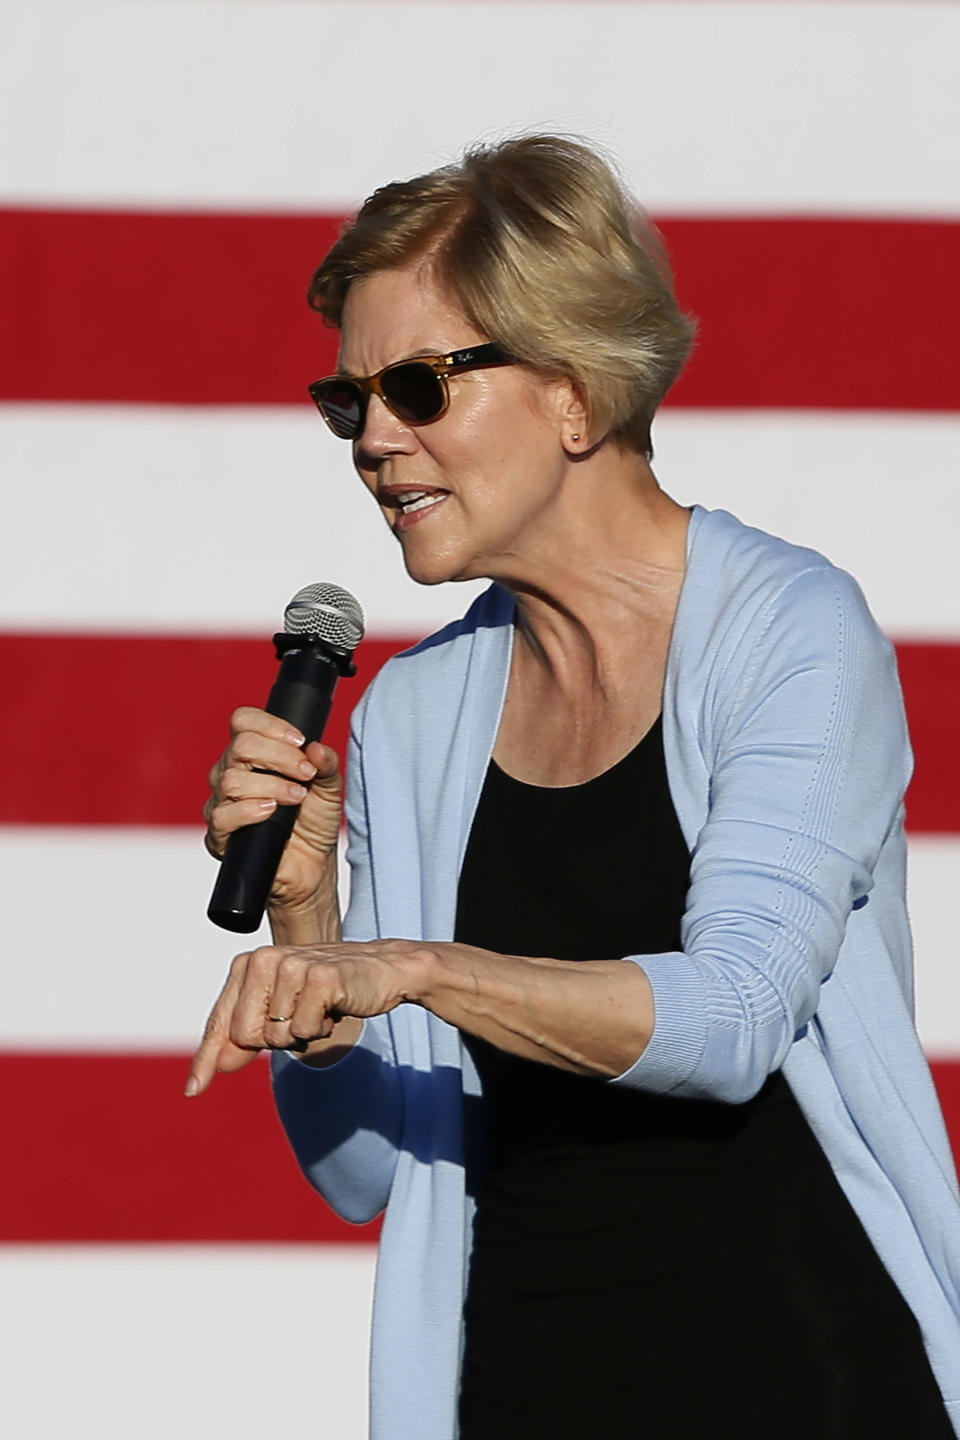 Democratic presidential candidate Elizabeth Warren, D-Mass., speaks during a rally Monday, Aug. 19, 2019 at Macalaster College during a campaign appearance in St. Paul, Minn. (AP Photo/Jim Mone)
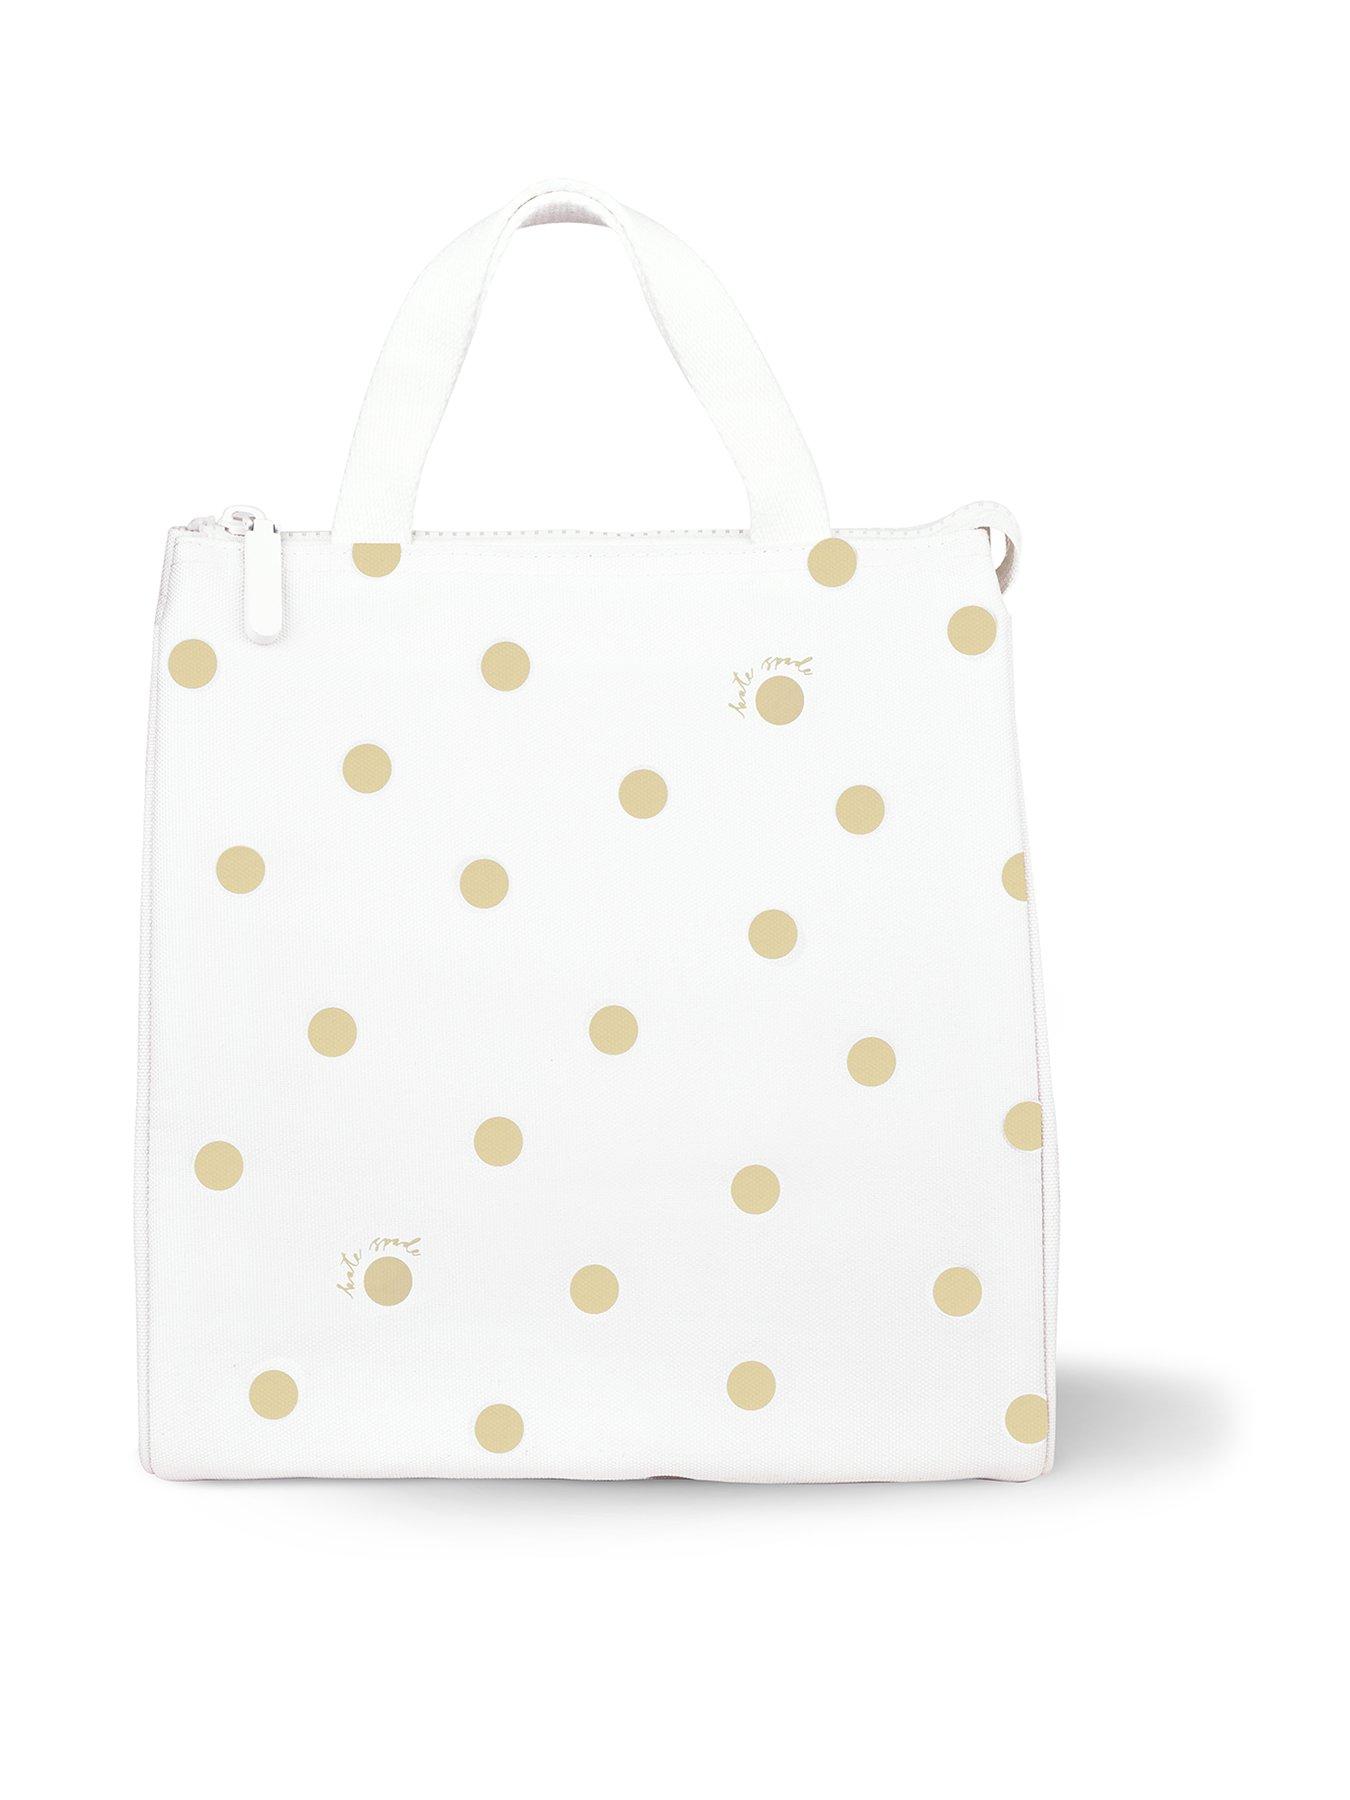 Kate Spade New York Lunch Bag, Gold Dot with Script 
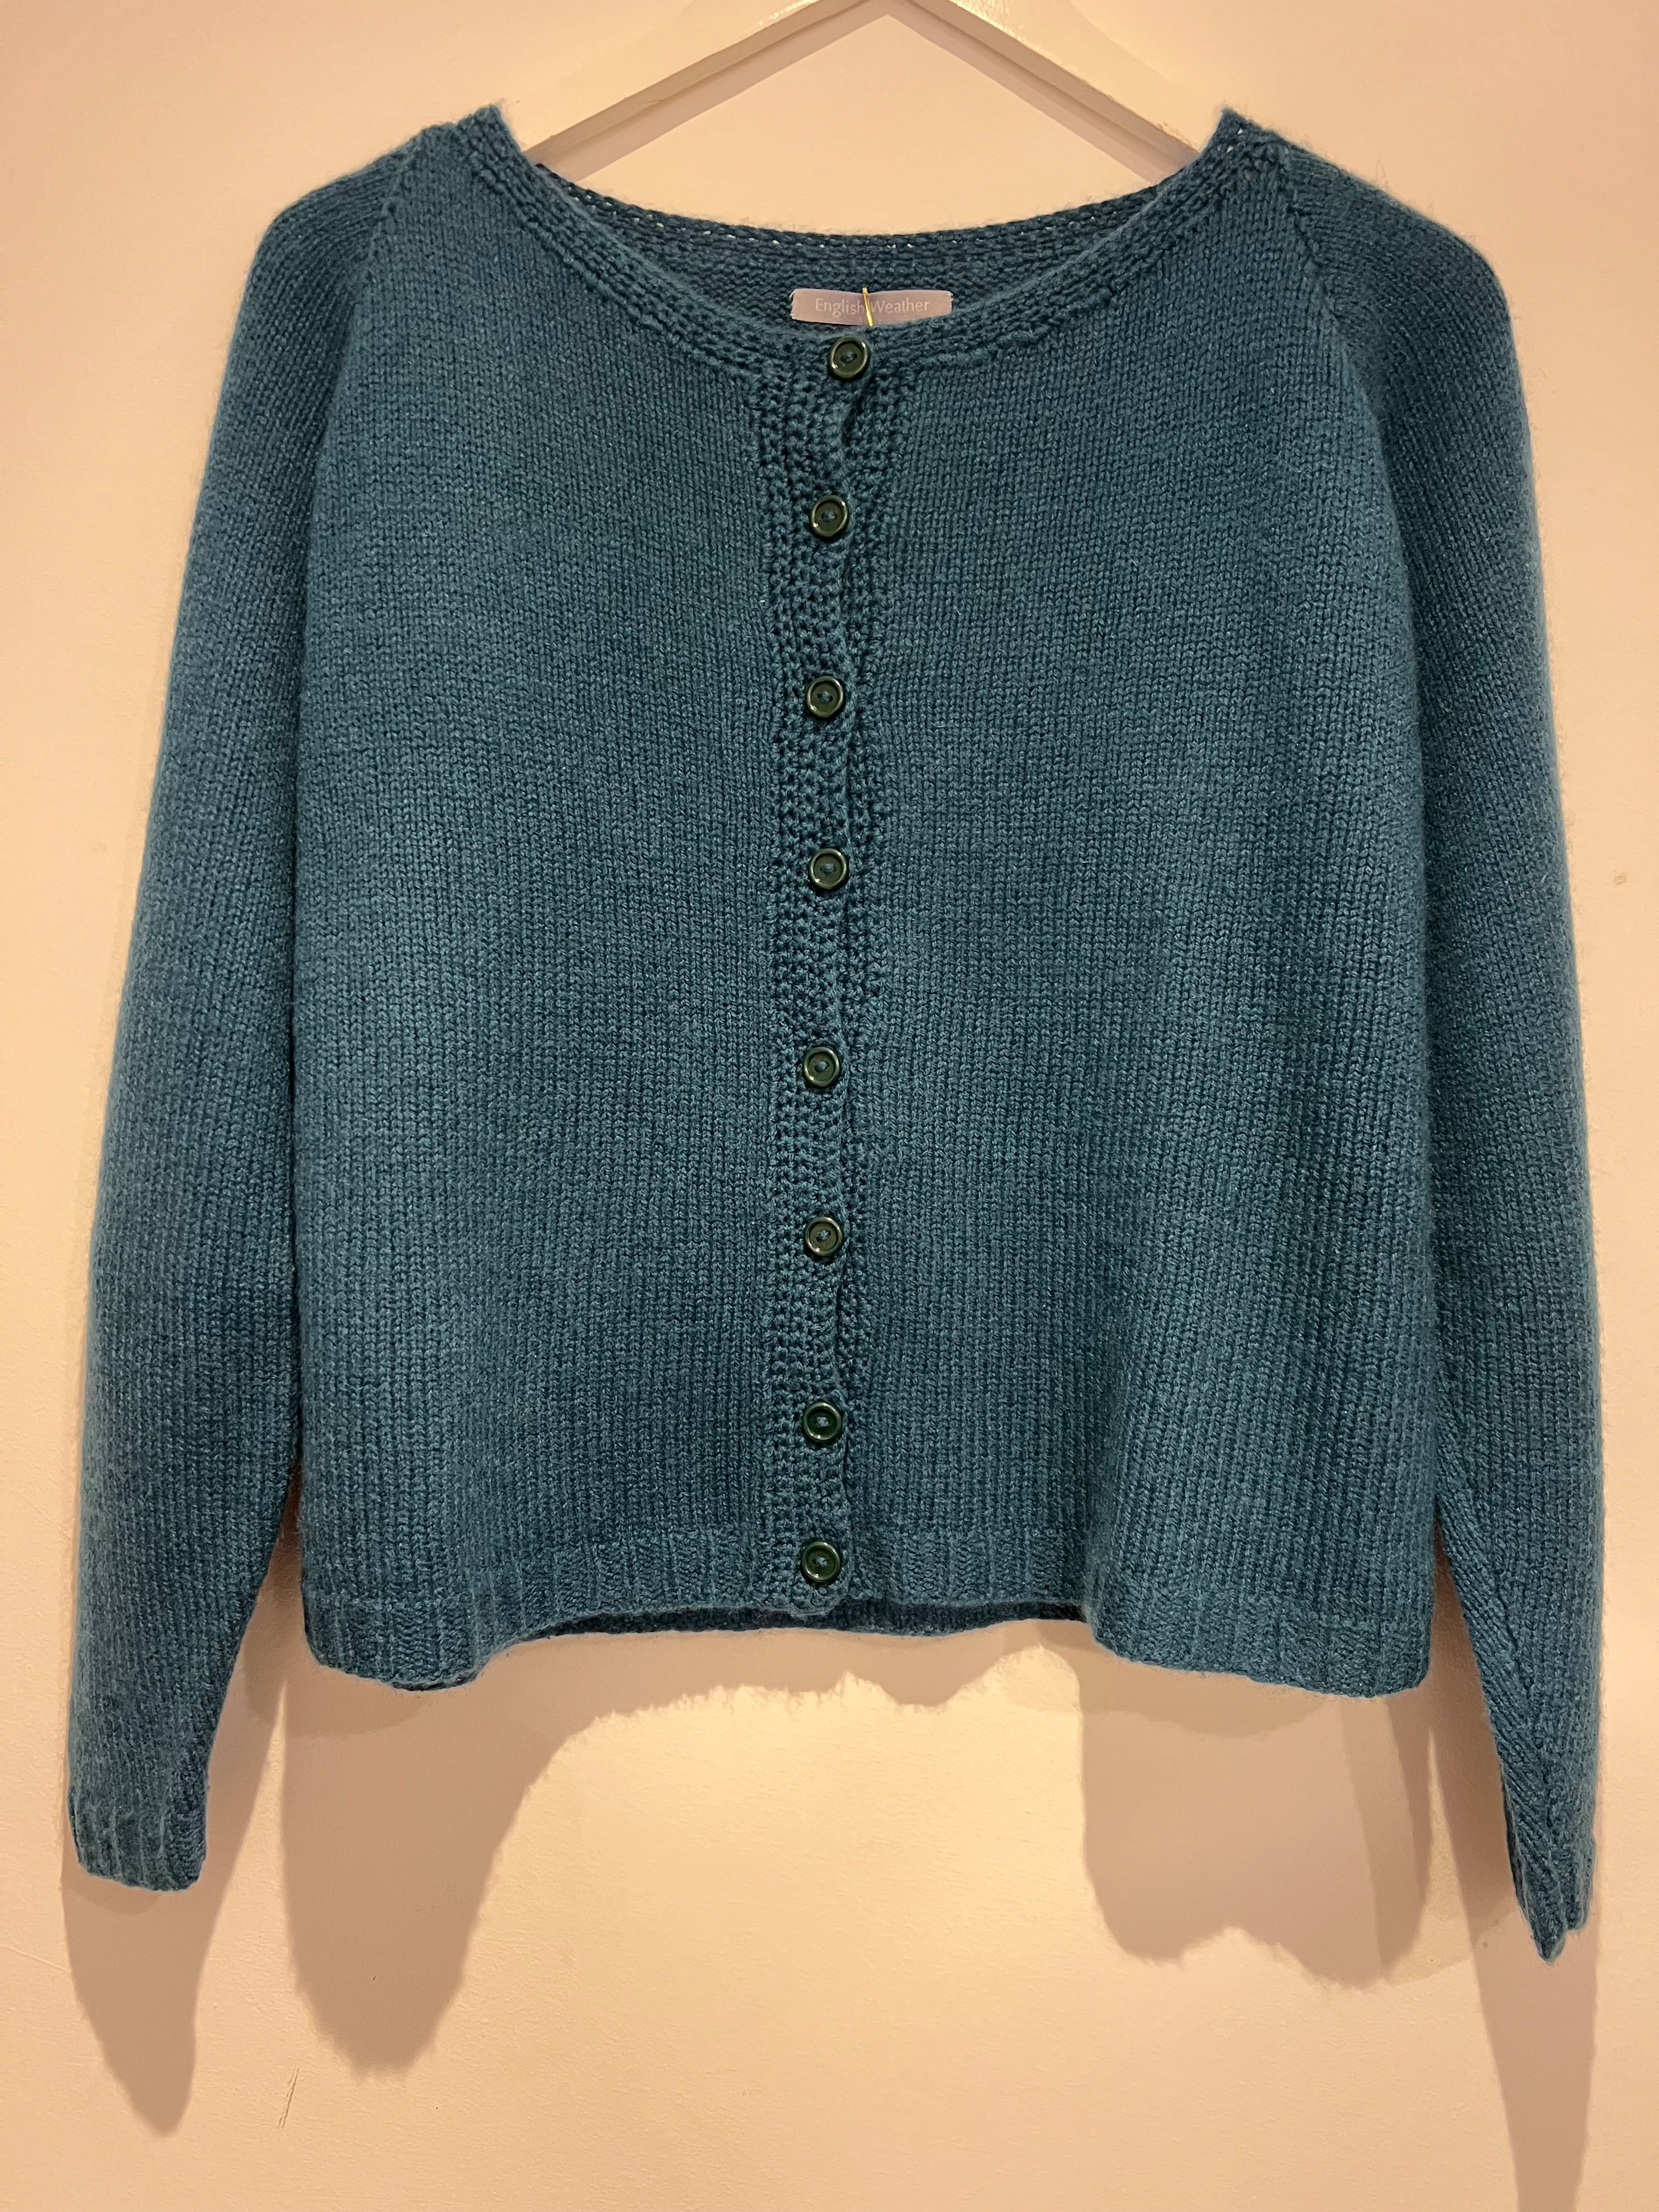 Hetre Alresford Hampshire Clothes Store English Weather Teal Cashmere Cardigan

———

EXERCISE PROMPT => The finished copy should match the data above word for word and contain no pictures.

RESPONSE FOR THIS EXERCISE =>
 Democratic presidential candidate Elizabeth Warren, D-Mass., speaks during a rally Monday, Aug. 19, 2019 at Macalaster College during a campaign appearance in St. Paul, Minn. (AP Photo/Jim Mone)
 Kate Spade New York Lunch Bag, Gold Dot with Script 
 Hetre Alresford Hampshire Clothes Store English Weather Teal Cashmere Cardigan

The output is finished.